The people who went through the affective conditioning procedure picked the pen that was paired with positive items 70-80 percent of the time. They chose this pen, even though they had information that the other pen was better. Over the two studies in this paper, the authors found that people chose the pen that was paired with positive objects even when people were given as much time as they wanted to make a choice, and even when the instructions specifically encouraged them to pick the best choice and to say why they were choosing a particular pen.
These results suggest that the most powerful effect of advertising is just to create a good feeling about a product by surrounding it with other things that you like. It is also important to point out that affective conditioning is most effective when you don't realize that it is happening. That is, trying to pay less attention to the ads you see on TV and in magazines may actually make this type of advertising more effective.
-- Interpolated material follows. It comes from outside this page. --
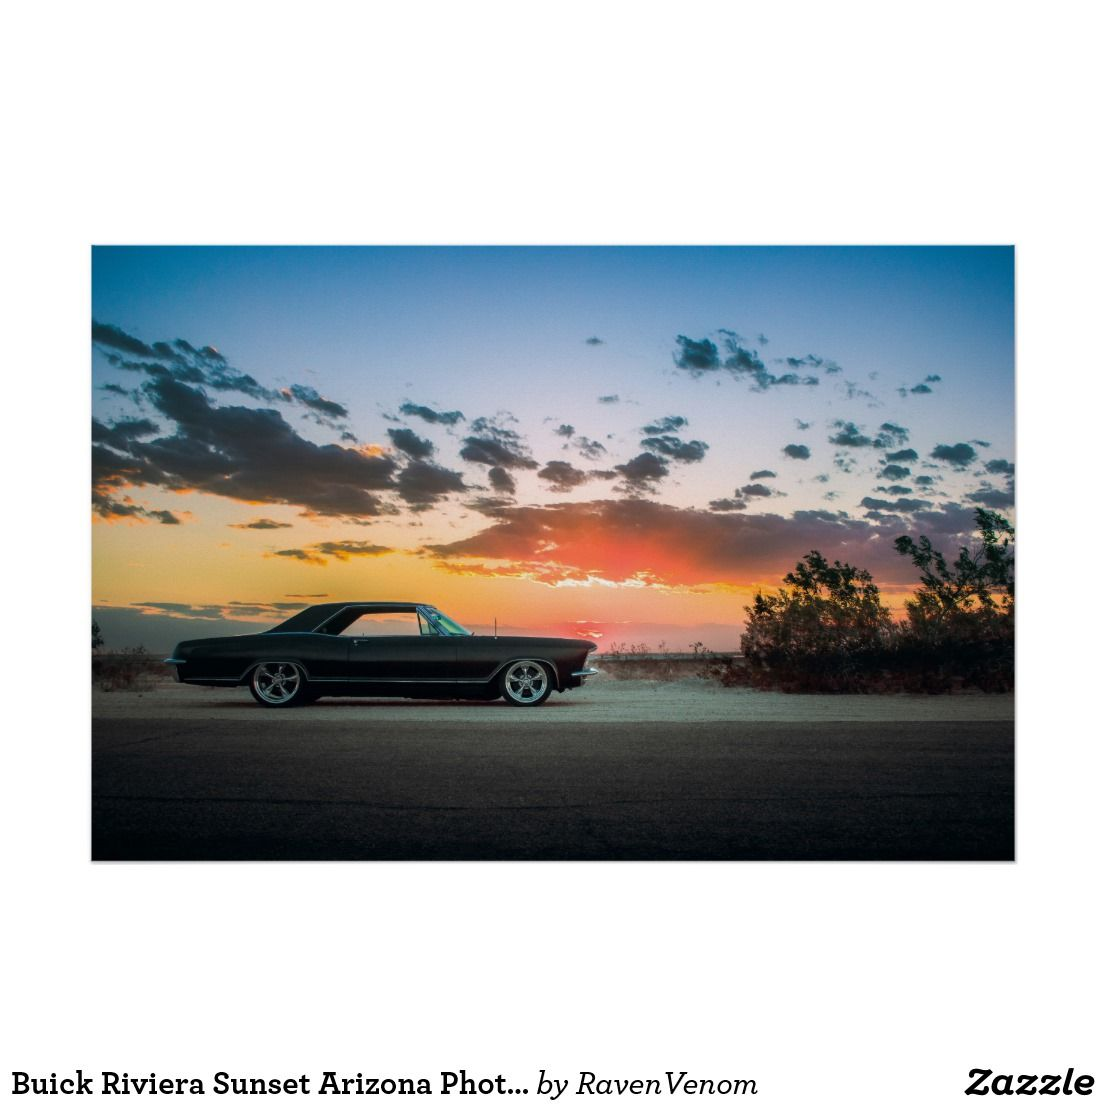 Buick Riviera Sunset Arizona Photo Poster Zazzle Com In 2020

So, why do we choose things just because we feel good about them? The world is a busy place. It is hard for us to feel confident that we have all of the objective facts about anything, whether it is products, people, or choices of things to do. The feelings we have are often a good marker of what is safe to do and what is likely to turn out well. If we have to make a choice, and one of the options just feels good to us, then we are likely to go with the one that feels good.
Most of the time, of course, that is a good idea. Often, we feel good about something because we have had positive experiences with it in the past. The problem is that we allow advertisers to have access to our mental world. They have paid for the opportunity to slip information to us about what feels good. That information ultimately affects the way we make choices, whether we know it or not.